The twins echoed her, chanting, “Both moms, both moms,” until Maggie had to press her palm flat to the counter just to stay upright.

Gwen crouched, folder forgotten, arms full of their kids, her laugh breaking in that startled, fragile way Maggie remembered from a thousand small moments — birthday candles, spilled cereal, chaos that made her soften. A strand of hair had slipped from her clip, catching on her cheek.

And Maggie, standing with the spoon still in her hand, felt the ache hit bone deep.

Because Rosie was right. They didn’t get this anymore. Not the noise, not the togetherness. Not both. Not for a long time.
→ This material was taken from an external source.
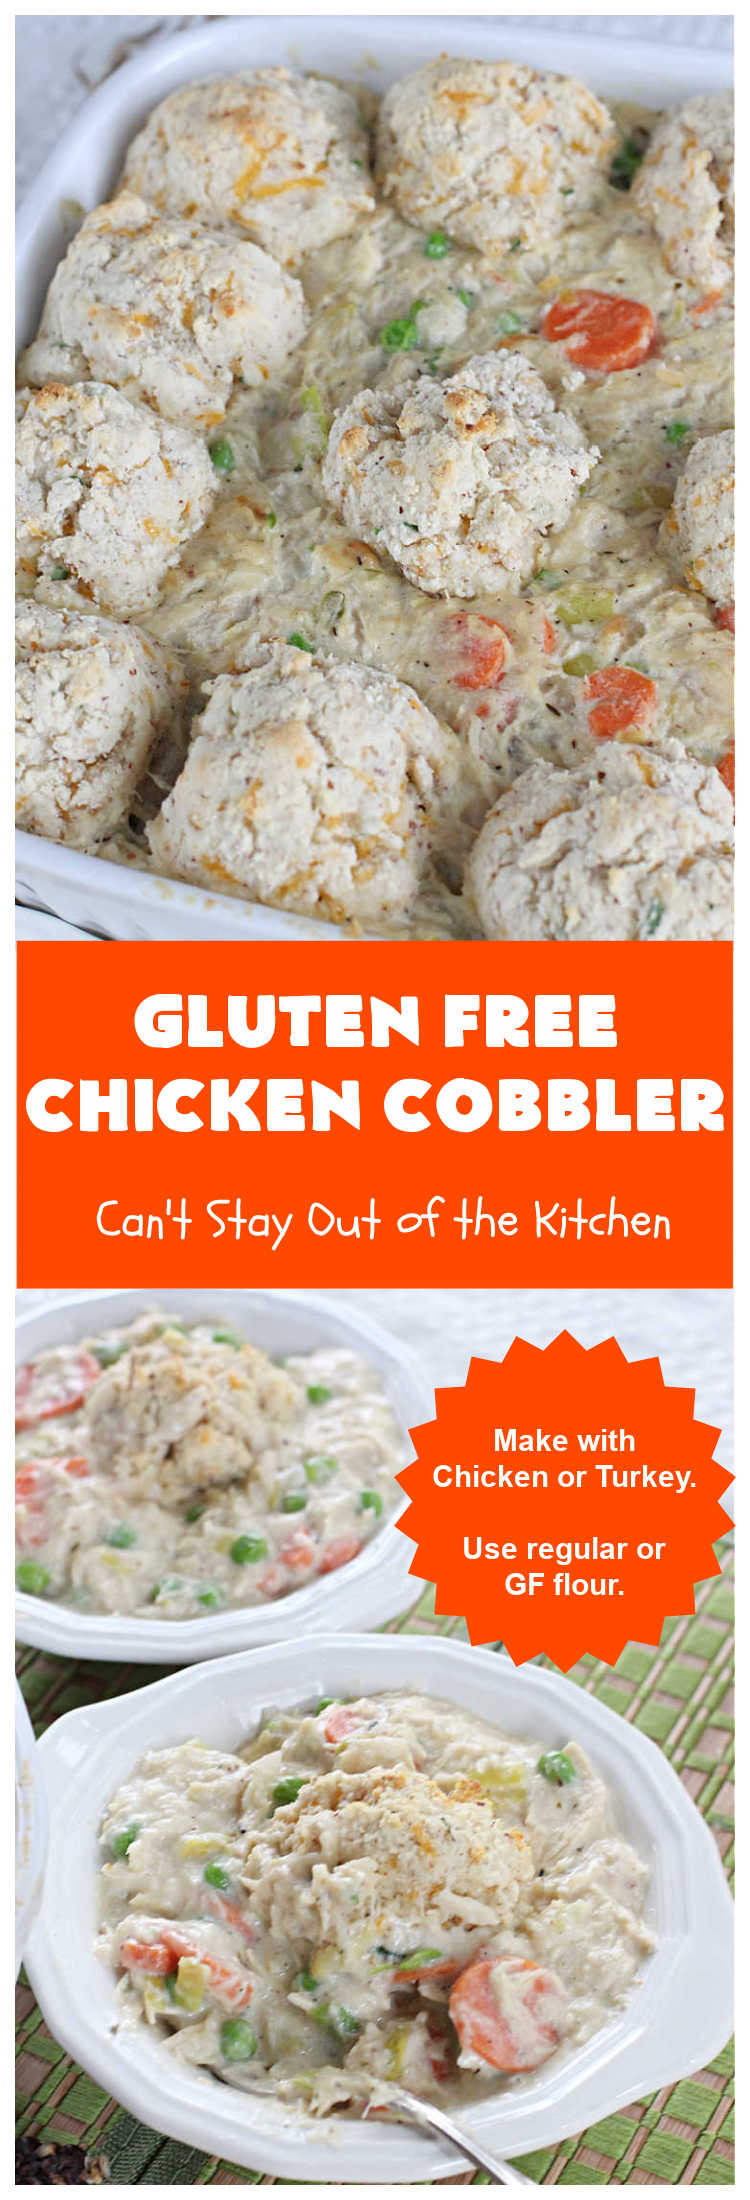 Gluten Free Chicken Cobbler | Can't Stay Out of the Kitchen | this #ChickenCobbler can't be beat! It's fantastic with #chicken or #turkey & can be made #GlutenFree or NOT - as you prefer. Terrific way to use up leftover rotisserie chicken or #Thanksgiving turkey. Our family loves this #recipe. #GlutenFreeChickenCobbler #ChickenPotPie #ChickenAndDumplingsGluten Free Chicken Cobbler | Can't Stay Out of the Kitchen | this #ChickenCobbler can't be beat! It's fantastic with #chicken or #turkey & can be made #GlutenFree or NOT - as you prefer. Terrific way to use up leftover rotisserie chicken or #Thanksgiving turkey. Our family loves this #recipe. #GlutenFreeChickenCobbler #ChickenPotPie #ChickenAndDumplings

“Hey,” Gwen said finally, looking up at her. Just one word. Careful.

“Hey,” Maggie answered, her voice rougher than she wanted.

The kids tugged at Gwen’s hands, babbling about eggs and chocolate chips and Rosie’s sugar coup. For a moment, it almost felt like before — like an ordinary Monday morning when the house was alive and whole.

Then Gwen straightened, folder in hand again, smoothing her jacket back into place. “I’ve got to get to the office.”

A collective groan. Rosie’s lip wobbled. “But… muffins.”

Gwen kissed the top of her head. “Save me one.”

The twins chorused promises. Rosie beamed through her pout.

The door shut, and the house felt too quiet, even with the kids still shouting about who got to lick the spoon.

Maggie stirred the batter hard, forcing a smile. “All right, sous-chefs. Let’s make these the best muffins ever.”

The house looked the same, smelled the same, sounded the same — and yet it wasn’t.